### Source material
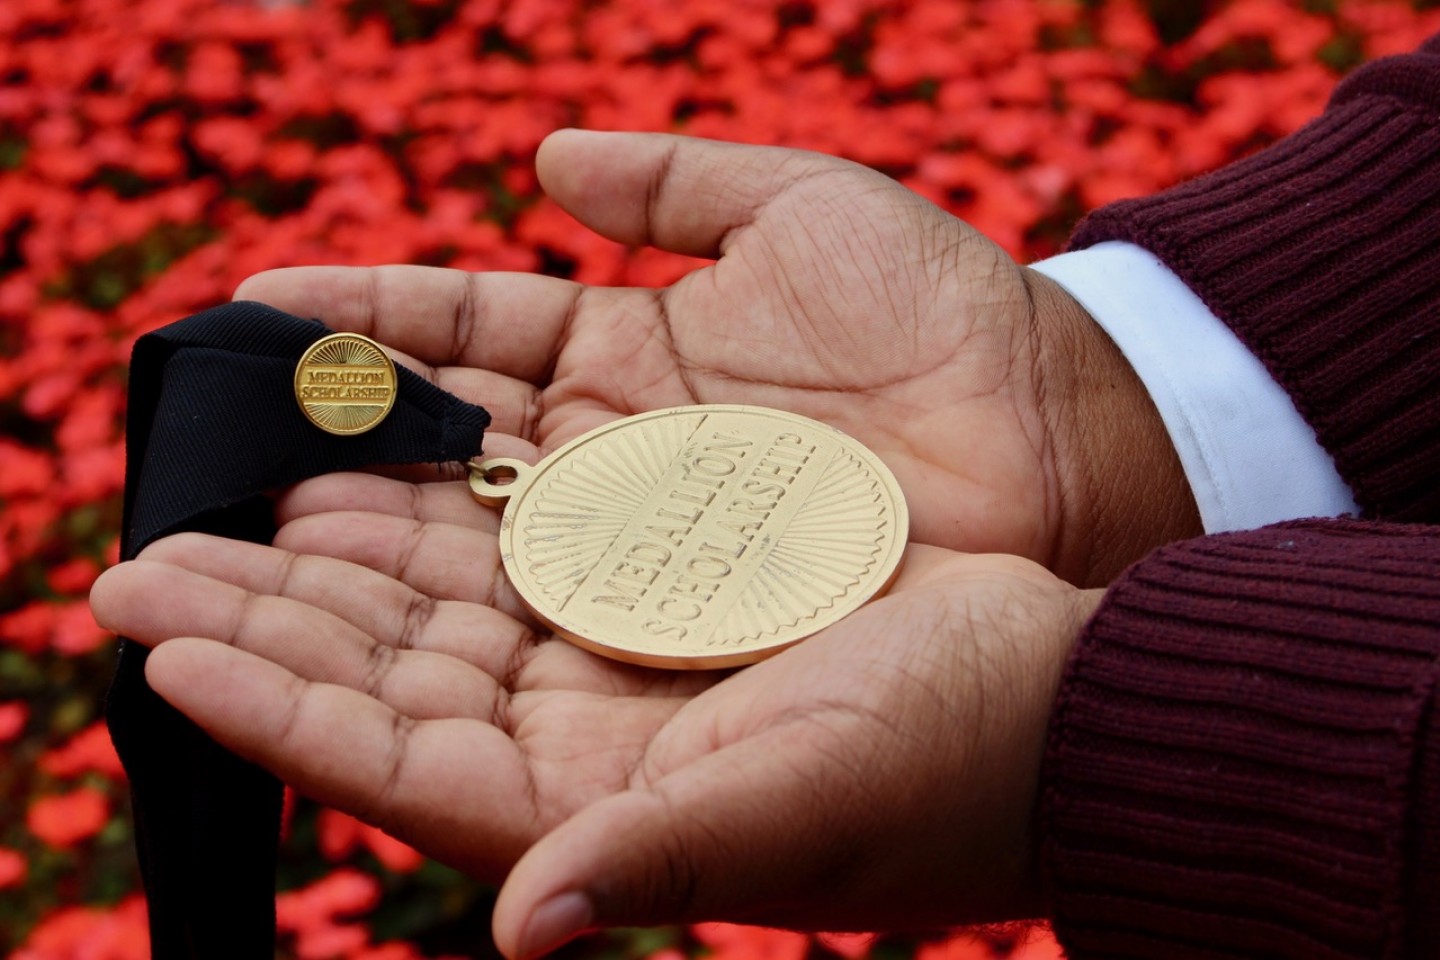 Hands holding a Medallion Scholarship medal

* * *

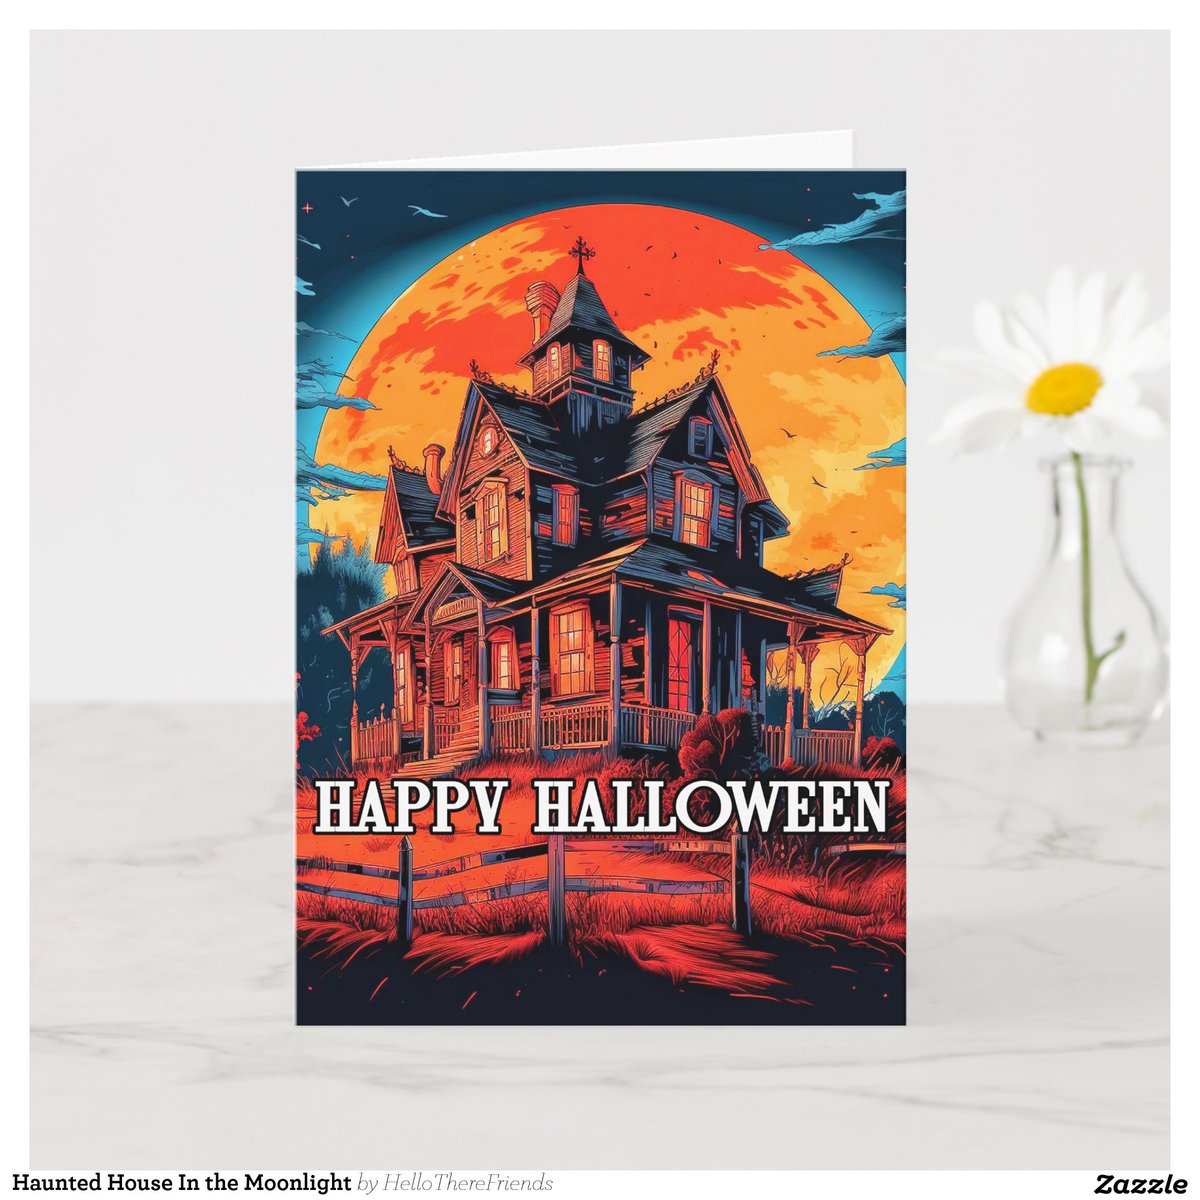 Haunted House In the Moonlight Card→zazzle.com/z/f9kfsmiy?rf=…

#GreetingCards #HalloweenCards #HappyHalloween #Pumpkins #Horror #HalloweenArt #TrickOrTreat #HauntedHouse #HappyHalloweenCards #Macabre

### Task to carry out
Set down, exactly as written above, each line from the one with "Haunted House In" through the one with "#GreetingCards #HalloweenCards #HappyHalloween", and skip the pictures.

### Solution to this task
 Haunted House In the Moonlight Card→zazzle.com/z/f9kfsmiy?rf=…

#GreetingCards #HalloweenCards #HappyHalloween #Pumpkins #Horror #HalloweenArt #TrickOrTreat #HauntedHouse #HappyHalloweenCards #Macabre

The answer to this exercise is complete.